Furthermore, all tests have false positives, not just medically but administratively (who else has experienced the government making mistakes on your tax returns?). Fortunately, current Covid-19 tests do not have a high rate of false positives. But even a 1% net false positive rate would mean — in a world where all Americans get tested — that more than 1 million innocent, non-sick Americans are forcibly detained and exposed to further Covid-19 risk.

And this:

Coercive containment was tried during one recent pandemic — in Castro’s Cuba, from 1986 to 1994, for those with HIV-AIDS. It is not generally a policy that is endorsed in polite society, and not because everyone is such an expert in Cuban public health data and epidemiological calculations. People oppose the policy because it was morally wrong.

And what about uncertainty? Is it really a safe bet that America’s quarantine policy would be executed successfully and save many lives? What if scientists are on the verge of discovering a cure or treatment that will lower the Covid-19 death rate significantly? Individual rights also protect society from the possibly disastrous consequences of its own ignorance.

Here are a few points that did not fit into the column:

1. I am not opposed to all small number, limited duration quarantine procedures, such as say holding Typhoid Mary out of socializing.  This same point also means that a society that starts coercive quarantine very early might be able to stamp out the virus by coercing relatively small numbers of people.  (It is not yet clear that the supposed successes have achieved this, by the way.)  That is very different from the “mass dragnet” to be directed against American society under current proposals.
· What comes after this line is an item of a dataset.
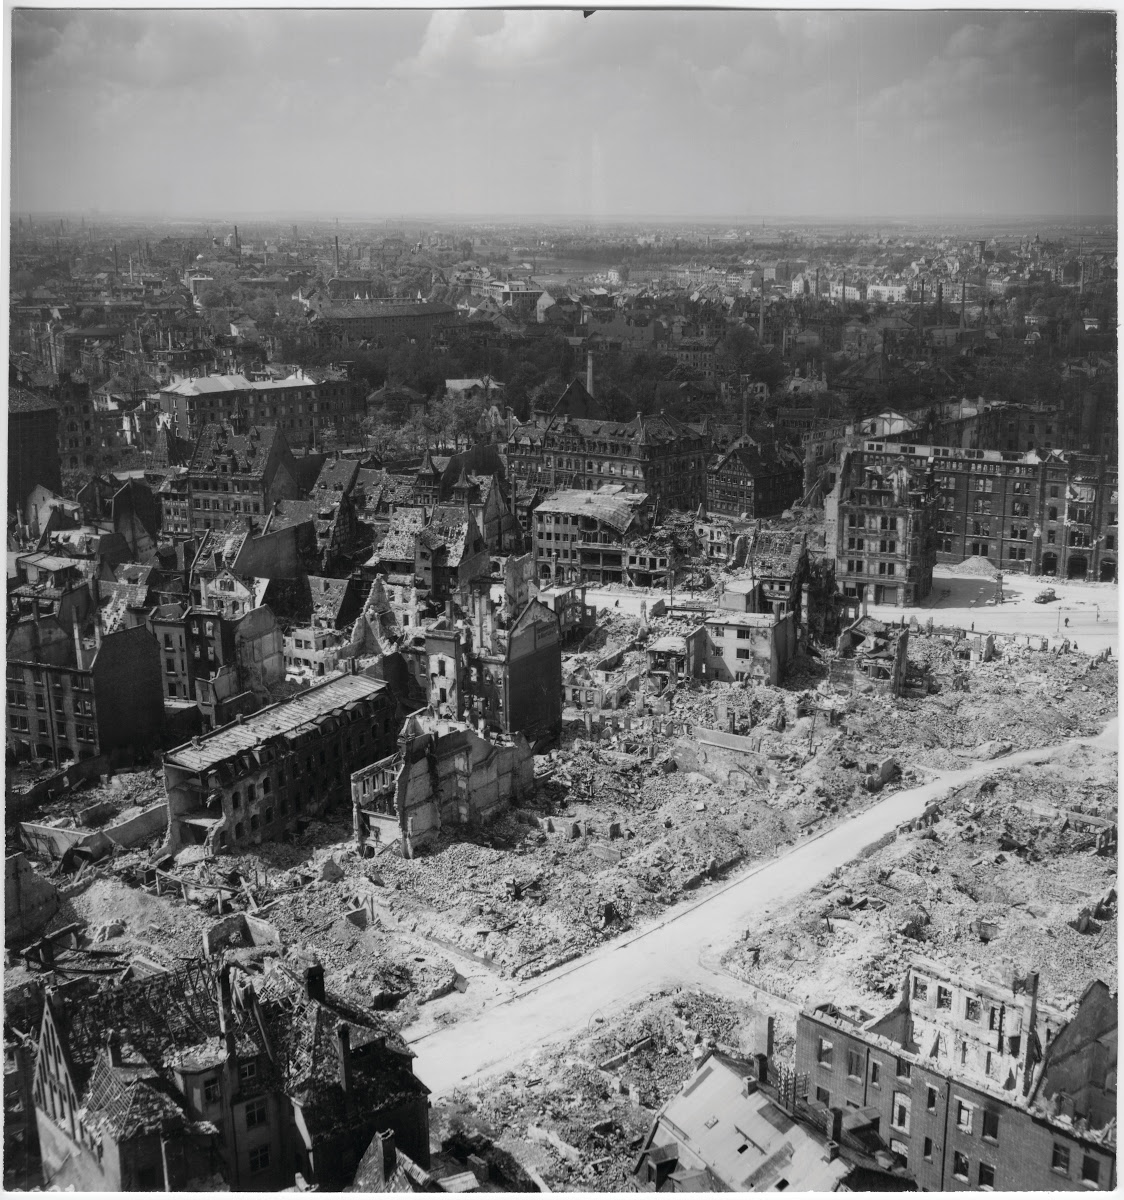 Bombing Of Ulm In World War II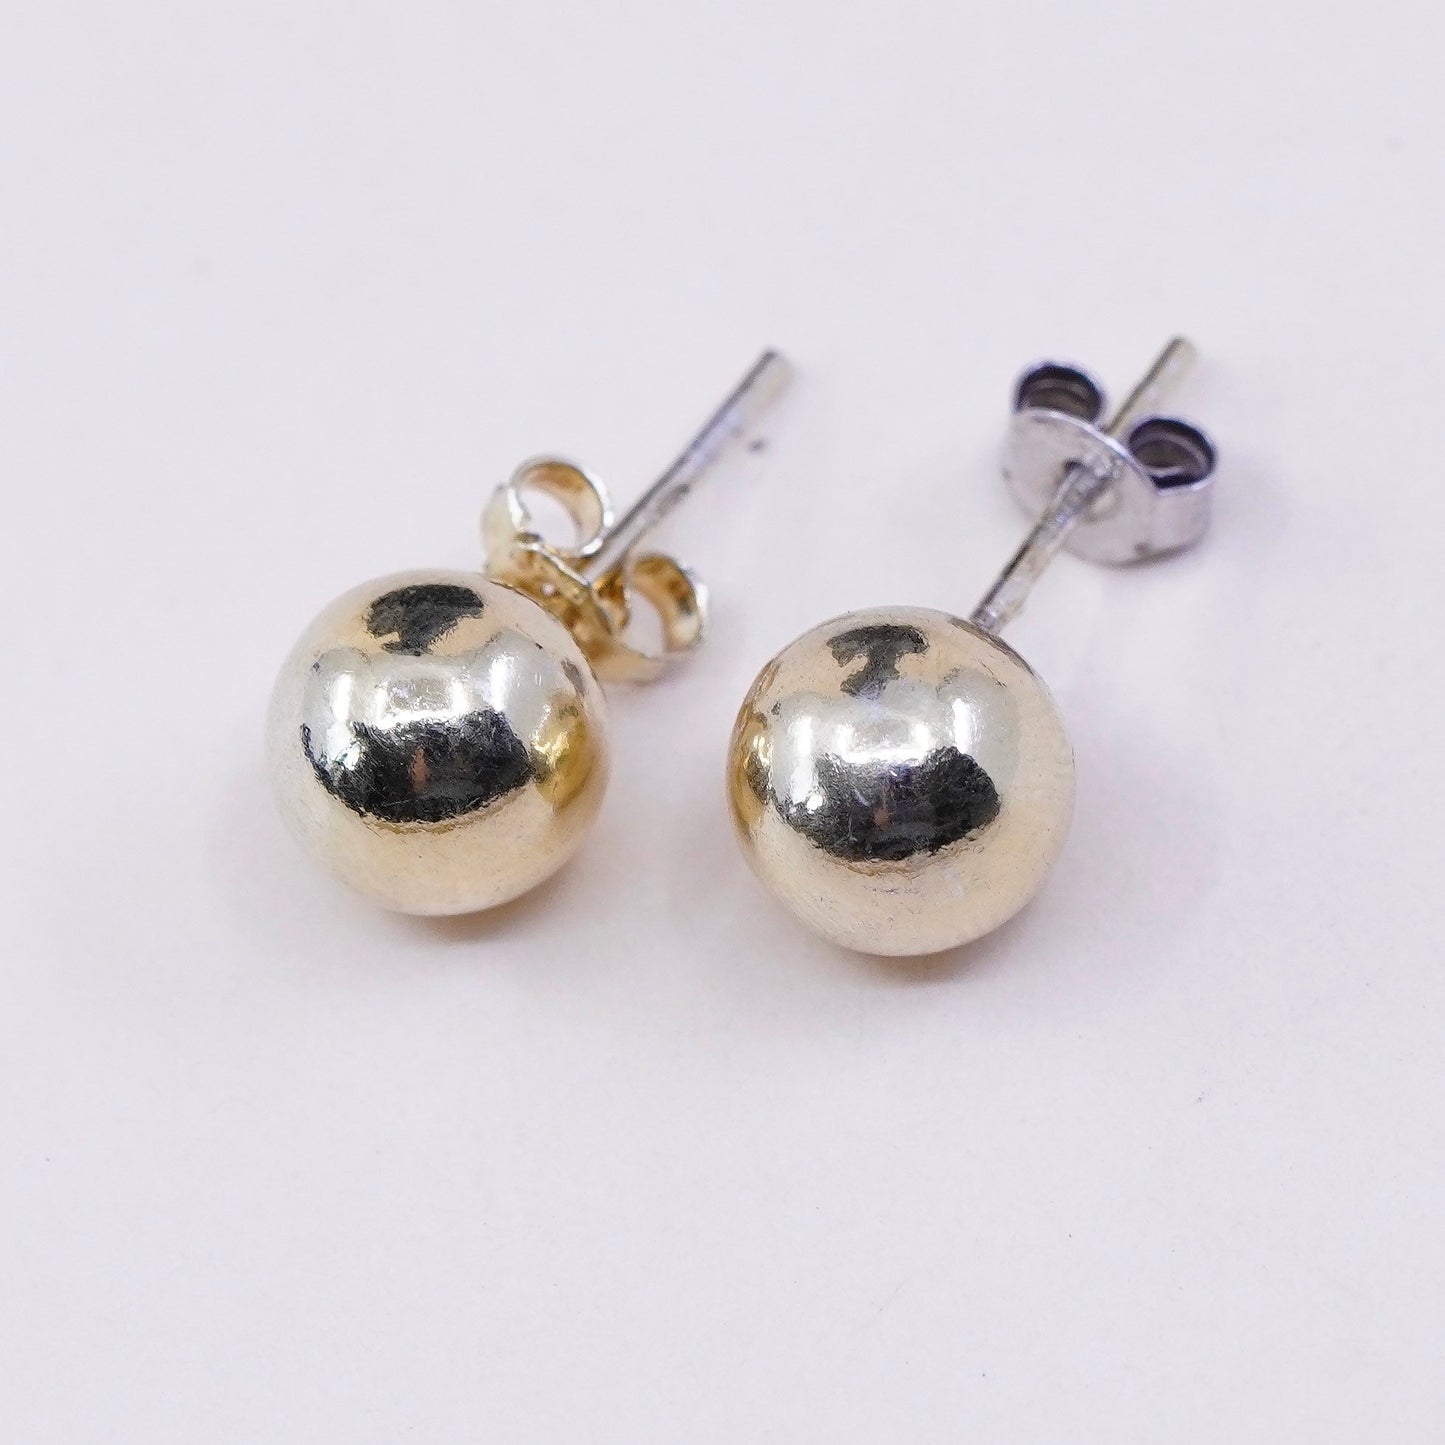 6mm, Vintage vermeil gold over sterling silver sphere studs, handmade 925 earrings, stamped 925

2. I am familiar with the broad outlines of American quarantine law and past practice.  I don’t see that history as necessarily authorizing how a current proposal would have to operate, and on such a scale.  In any case, I am saying that such coercive quarantines would be wrong, not that they would be illegal.  I believe it is a genuinely open question how current courts would rule on these matters.

3. From my perch from a distance, it seems to me that Human Challenge Trials for vaccines are more controversial than is mass forced quarantine.  I could be wrong, and I would gladly pursue any leads on the current debate you might have for me.  Who are the philosophers or biomedical ethicists or legal scholars who have spoken out against such policies?